新たなカーボンスフィア合成方法を開発――原料は安価で安全、製法はスケーラブル

Carbon spheres: microscopy image

英スウォンジー大学は、環境に優しく、より早く、スケーラブルな方法で、カーボンスフィア(微小球状炭素)を作る方法を開発した。新たに開発された方法は、従来よりもシンプルかつ触媒/活性化剤も使わないCVD法(Chemical Vapor Deposition、化学蒸着法)を用いている。
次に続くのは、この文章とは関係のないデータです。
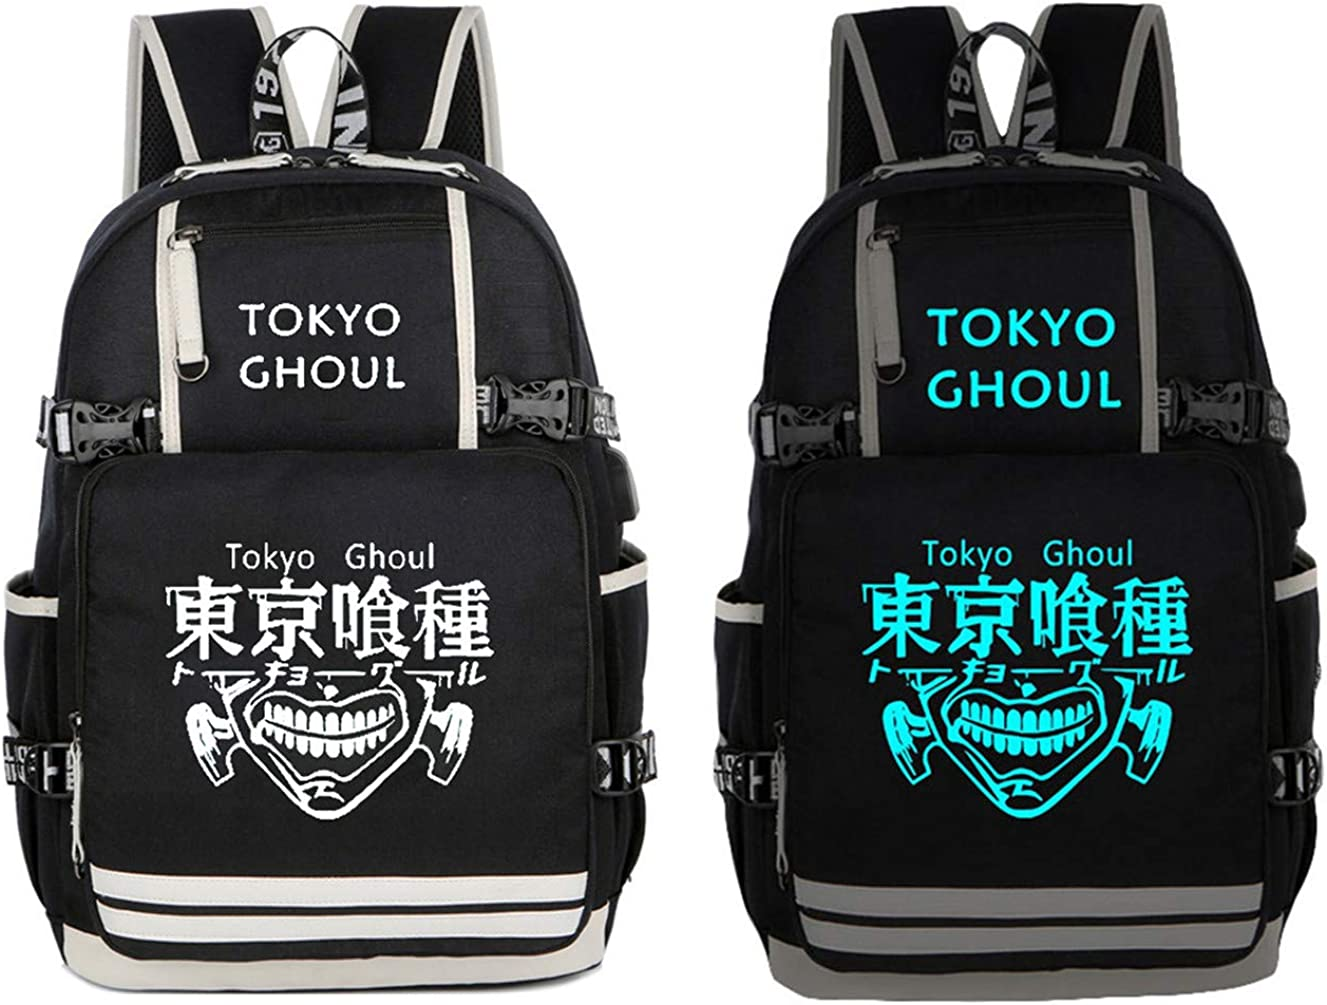 Gumstyle Tokyo Ghoul Anime Backpack with USB Charging Port Laptop Shoulder School Bag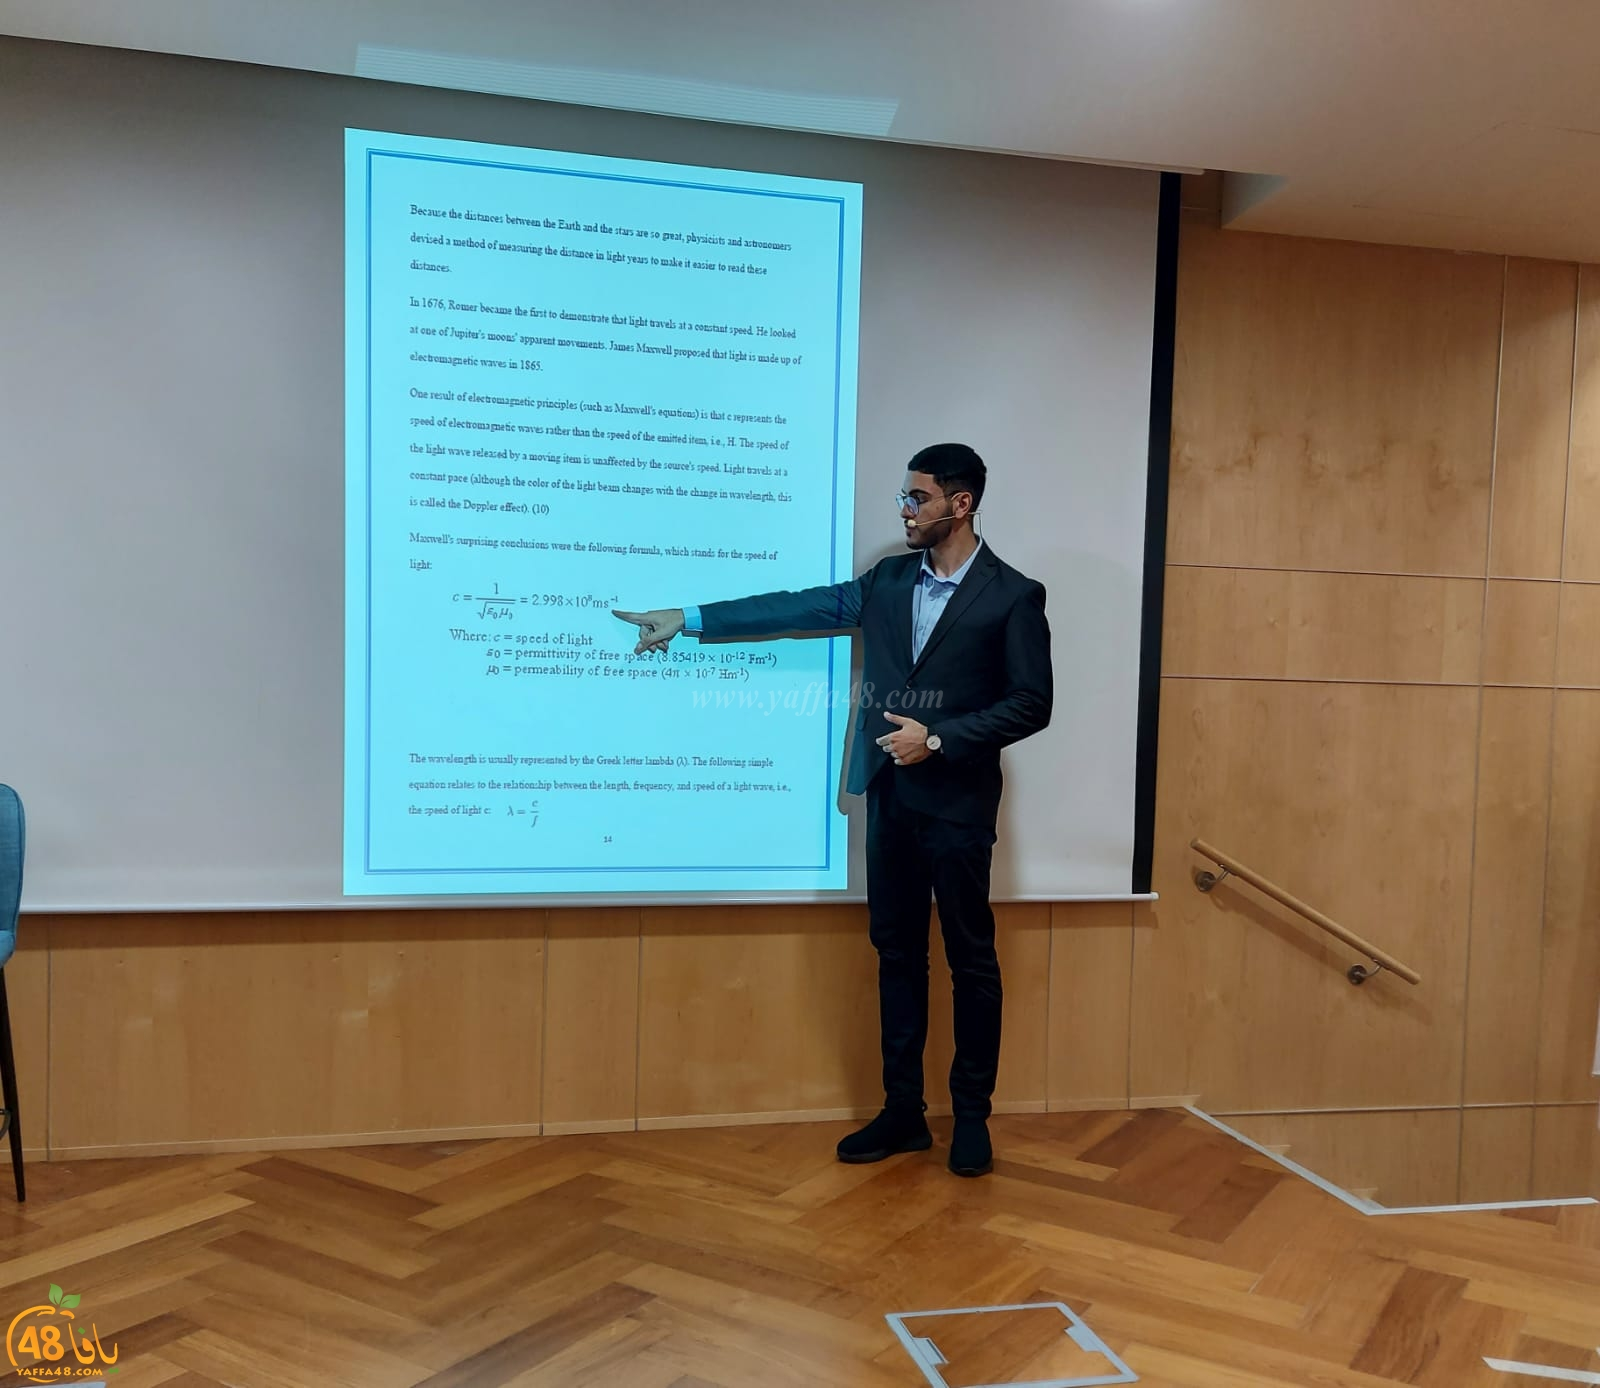 اللد: الشاب حمزة عليوة صاحب براءة الاختراع الكثيرين لديهم أفكاراً رائعة ولا يوجد من يتبناهم

研究成果は、『Carbon』に2020年9月1日付けでオンライン公開されている。

カーボンスフィアは、過去10年間で、エネルギーの貯蔵と変換、触媒作用、ガスの吸着と貯蔵、薬物や酵素デリバリー、水処理などの分野で重要な役割を果たしており注目を集めている。また、気候変動への取り組みを支援する炭素回収技術の中心でもある。しかし、カーボンスフィアを作る従来のCVD法は、複雑な工程とコストの面から非実用的であり、炭素回収能力が不十分であるといった欠点があった。

CVD法は化学的な成膜方式で、ガス状の原料にエネルギーを加えて化学反応を起こし、物体表面に薄膜を形成する方法。今回の研究では、ピロメリット酸を固体原料として用い、600~900℃の異なる温度でCVD法を試した。その後、異なる圧力と温度でカーボンスフィアがどれだけ効率的にCO2を回収していたかを調べた。

その結果、カーボンスフィア形成の最適温度は800℃であることが分かった。作製されたカーボンスフィアはその超微細孔によって、大気圧と低圧の両方で、高い炭素回収能力を発揮した。大気圧でのカーボンスフィアによる最高のCO2吸着能力は0℃で約4.0mmol/g、25℃で2.9mmol/gだった。

今回の研究で、ピロメリット酸を用いたCVD法は、従来のCVD法に比べていくつかの利点があることが明らかになった。まず、アルカリを含まず、スフィアを成形するための触媒を必要としない。材料を精製するために溶剤が必要ない。つまり、固体原料を使うことで、危険なガスや液体の原料に依存することがない。CVD法は高い温度が重要な役割を果たすため、固体原料の利用は安全性を高めることにつながる。また、固体原料は液体や気体に比べて扱いやすい。ピロメリット酸は市場で安価に入手できることも利点だ。

研究成果は、炭素回収技術を向上させ、従来のCVD法の代替として、大規模な生産体制に適応する手段になる可能性がある。